* **Task directions**: From the records that follow, return exactly the lines beginning at the one that contains "Polly Flinders Vintage" and ending at the one that contains "Apple MacBook Pro", pictures left out.

* **Material for this exercise**:
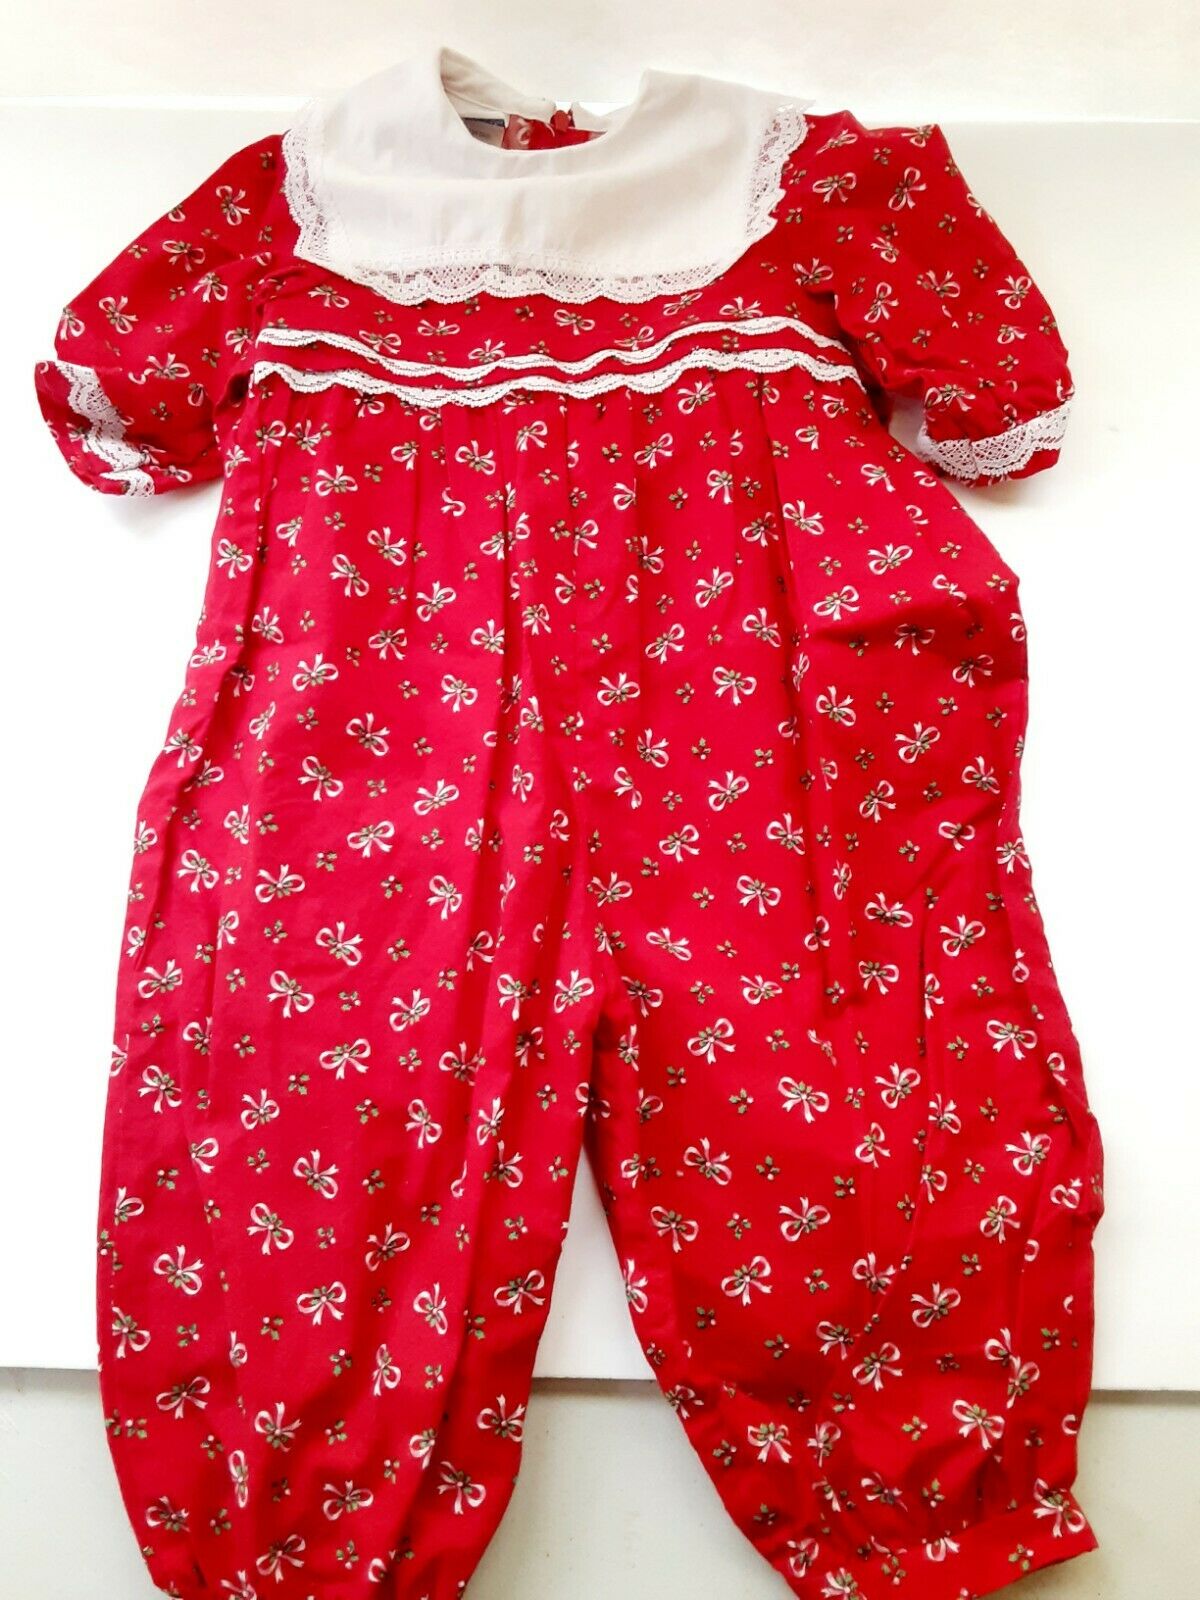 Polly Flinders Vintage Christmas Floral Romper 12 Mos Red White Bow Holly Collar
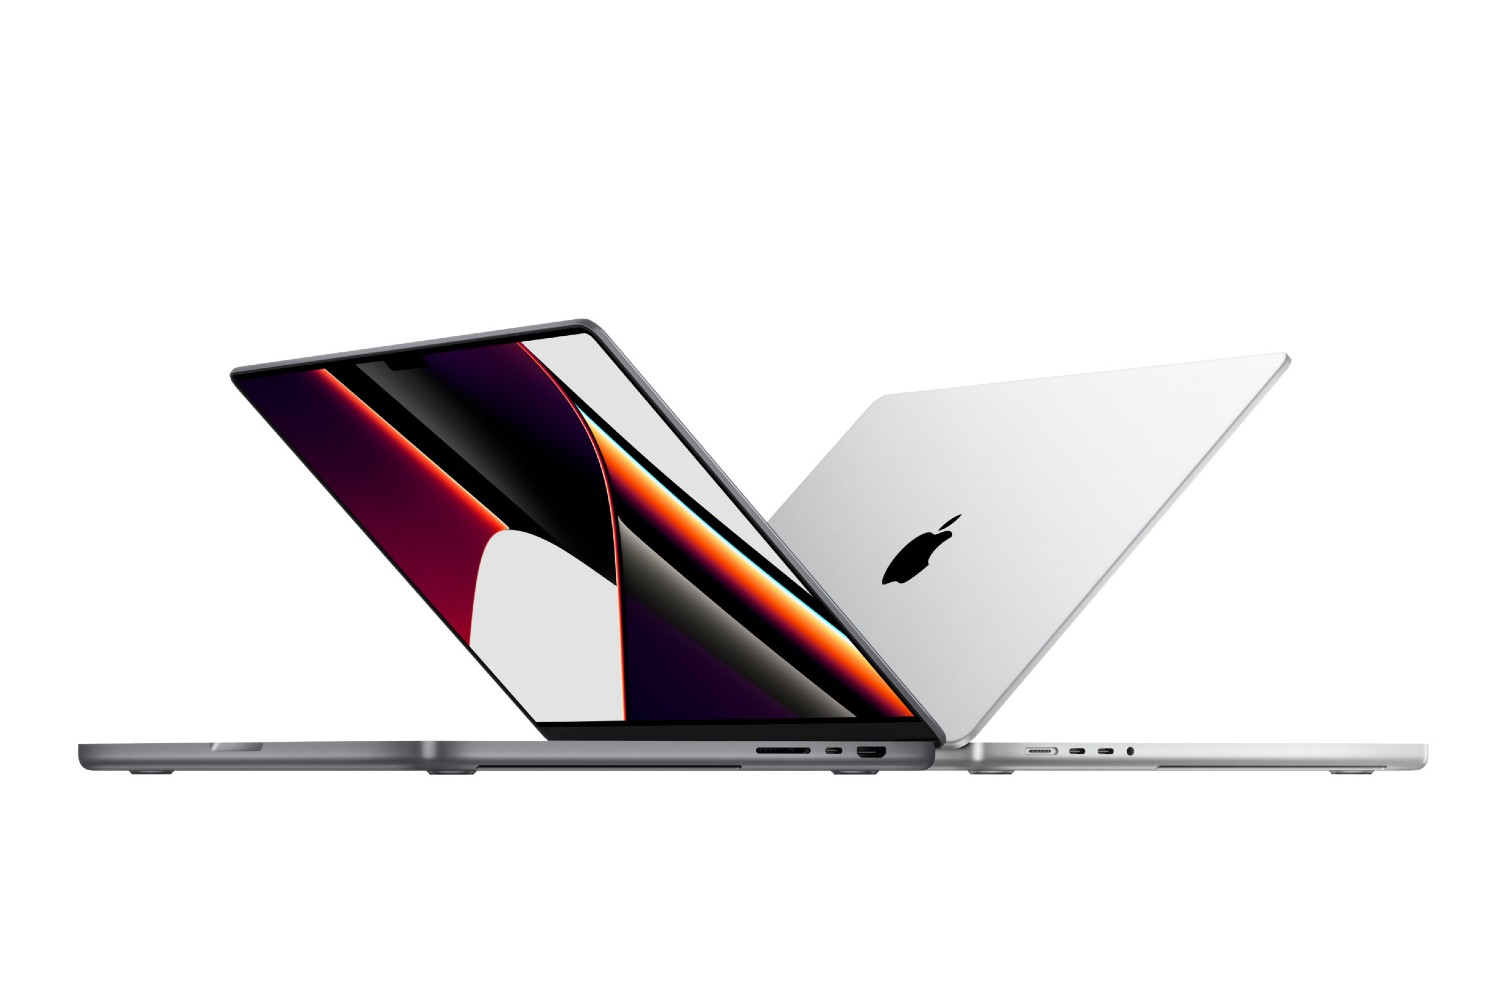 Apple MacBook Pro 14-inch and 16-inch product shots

* * *

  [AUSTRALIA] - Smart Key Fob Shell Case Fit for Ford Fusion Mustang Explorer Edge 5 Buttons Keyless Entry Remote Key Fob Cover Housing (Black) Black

...

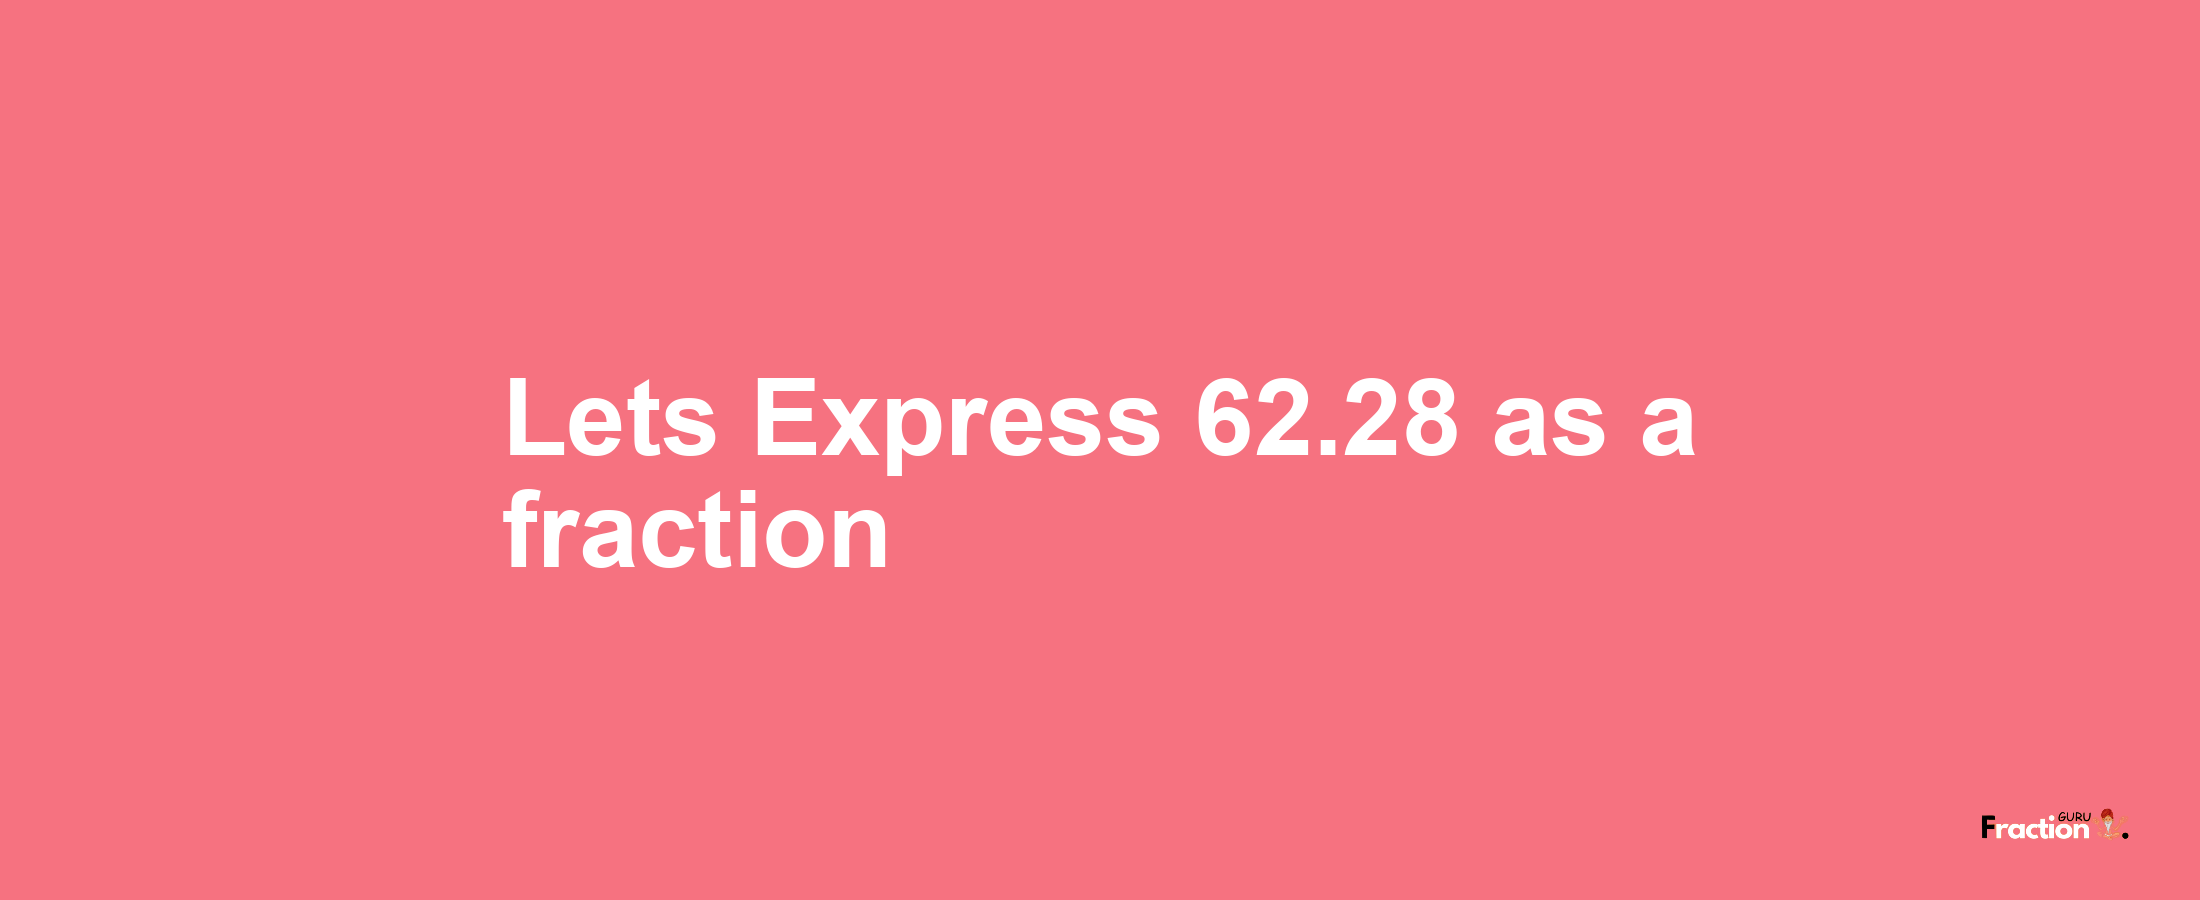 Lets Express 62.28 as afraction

* **Reply to the exercise**:
 Polly Flinders Vintage Christmas Floral Romper 12 Mos Red White Bow Holly Collar
 Apple MacBook Pro 14-inch and 16-inch product shots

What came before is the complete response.